Reproduce the listing below as it stands. Leave out each image.

[DATA BELOW]

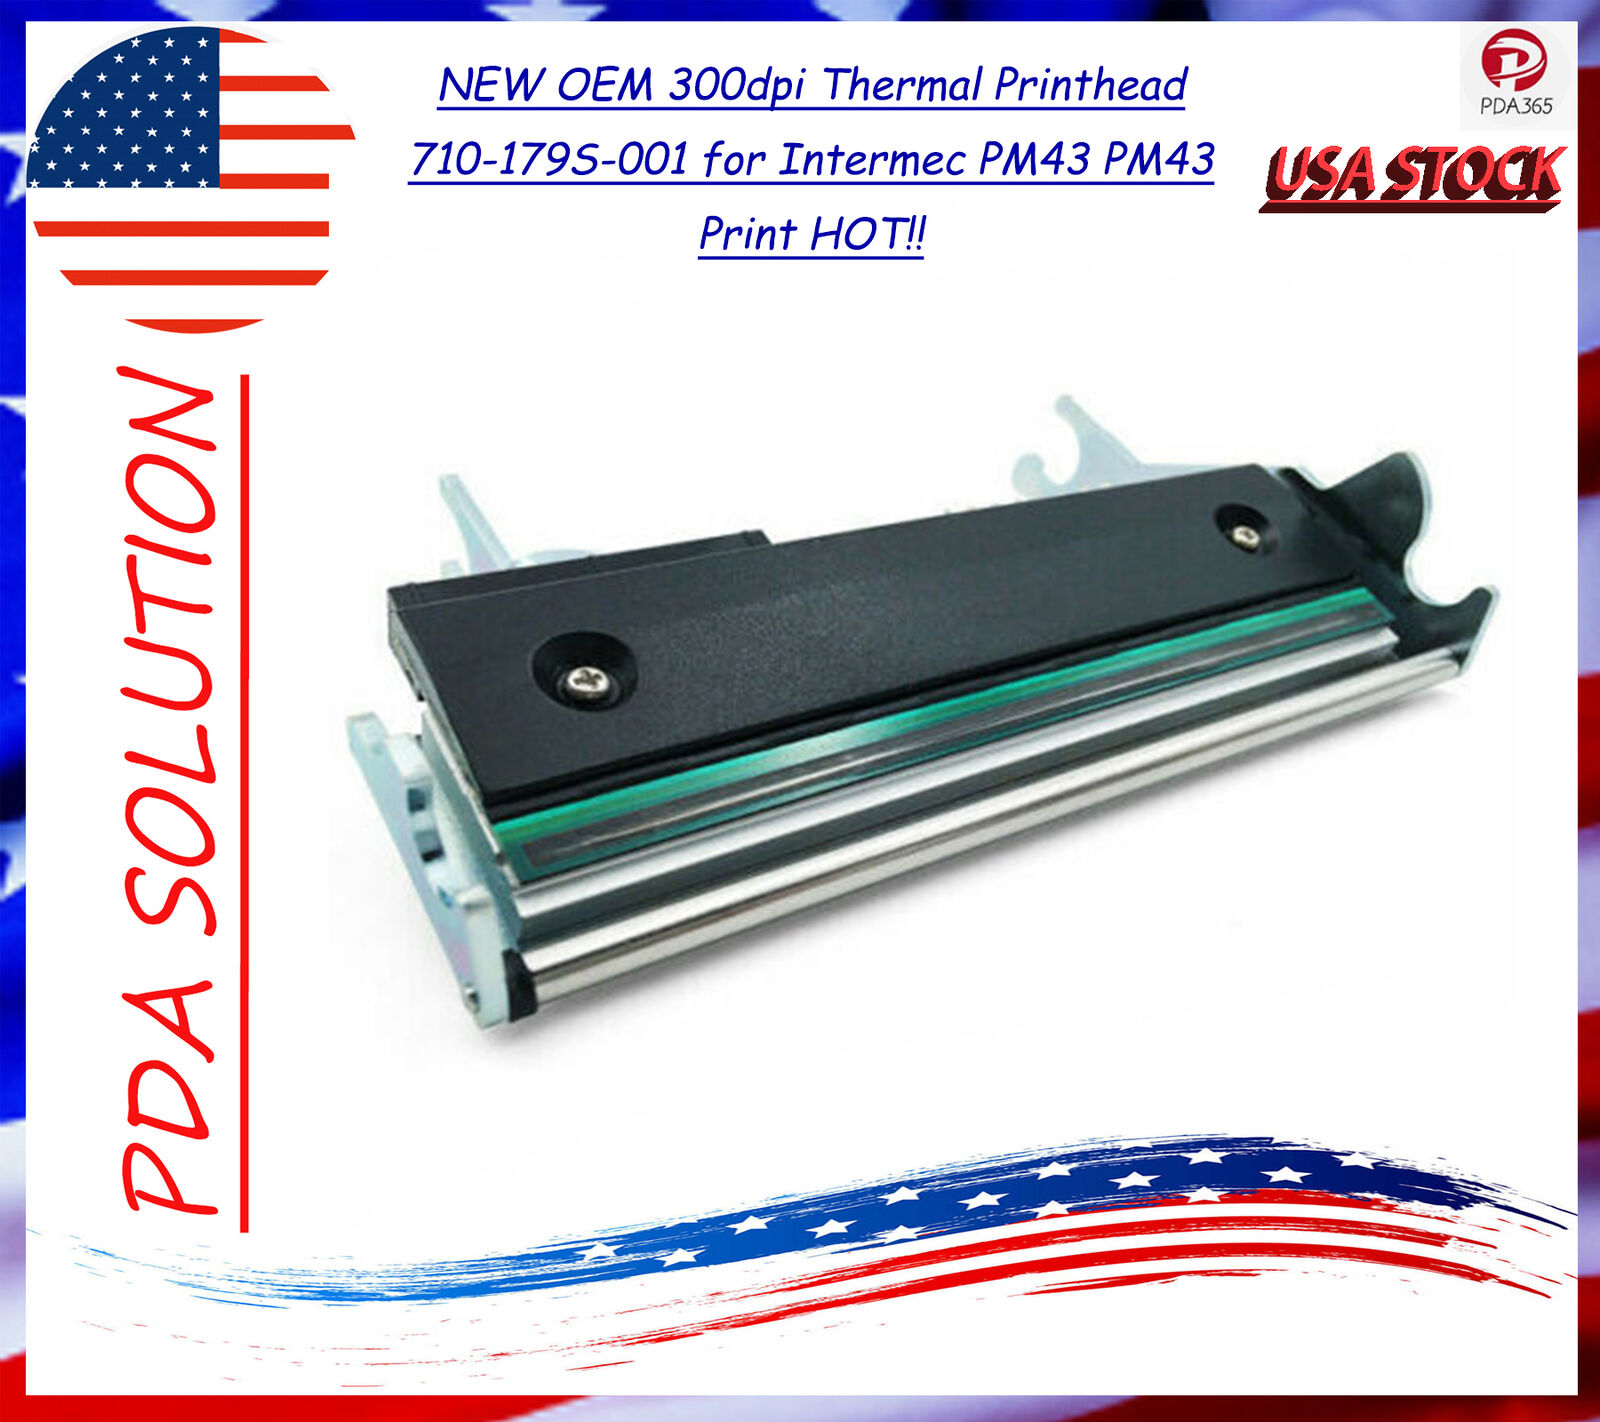 NEW OEM 300dpi Thermal Printhead 710-179S-001 for Intermec PM43 PM43 Print HOT
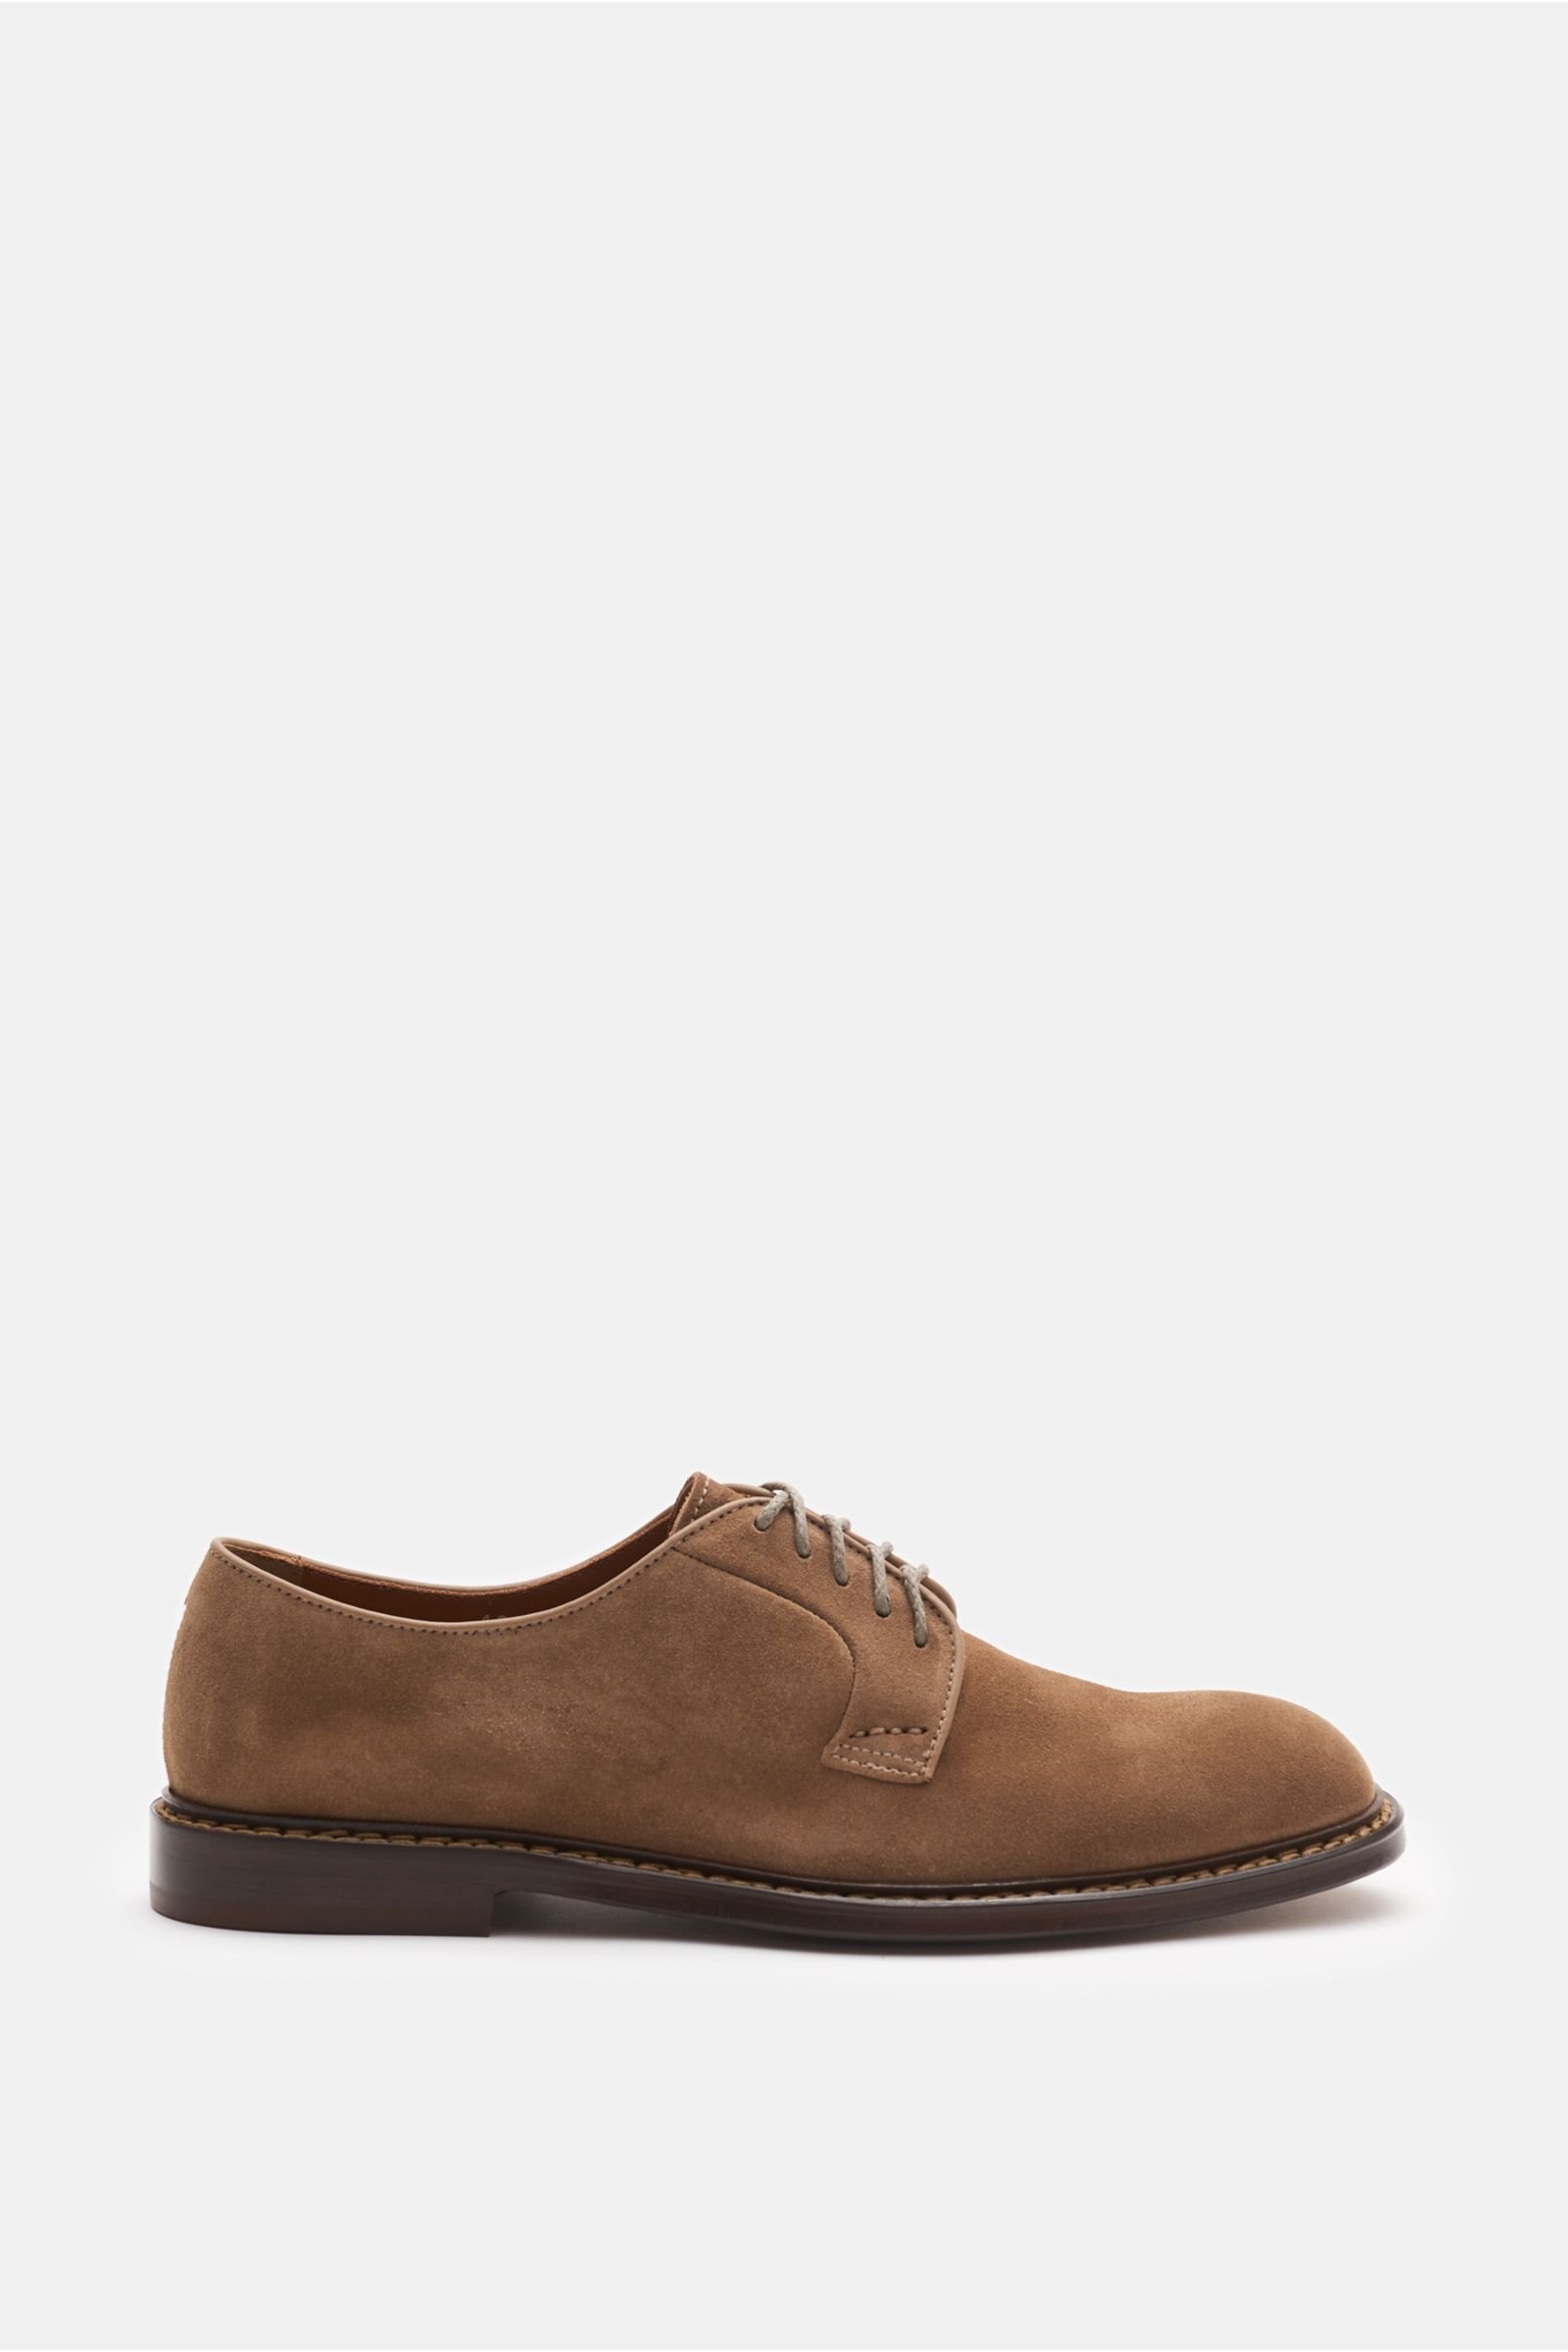 DOUCAL'S Derby shoes light brown | BRAUN Hamburg
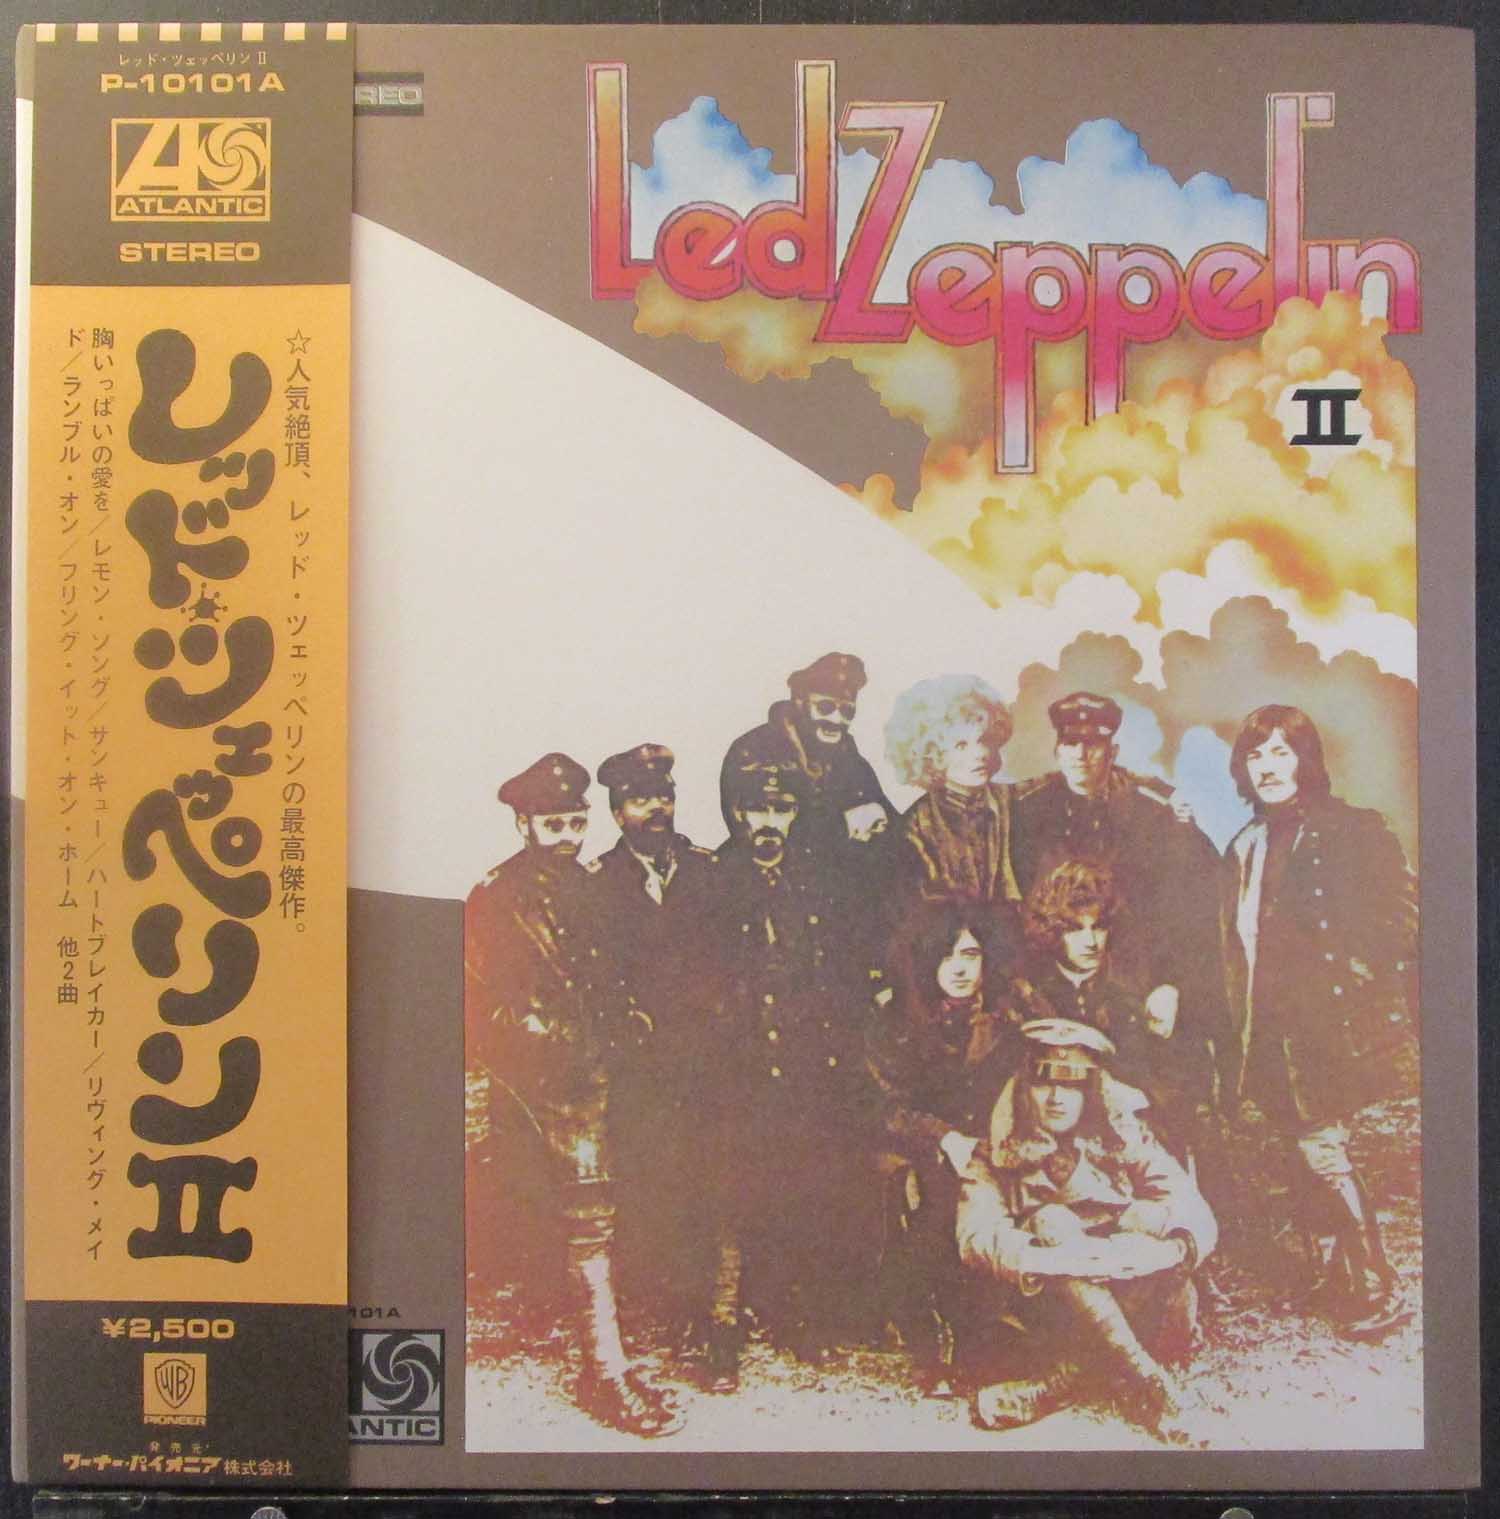 Led – Zeppelin II Japan LP with obi

[/DATA BELOW]

## FINISHED EXERCISE
 NEW OEM 300dpi Thermal Printhead 710-179S-001 for Intermec PM43 PM43 Print HOT
 DOUCAL'S Derby shoes light brown | BRAUN Hamburg
 Led – Zeppelin II Japan LP with obi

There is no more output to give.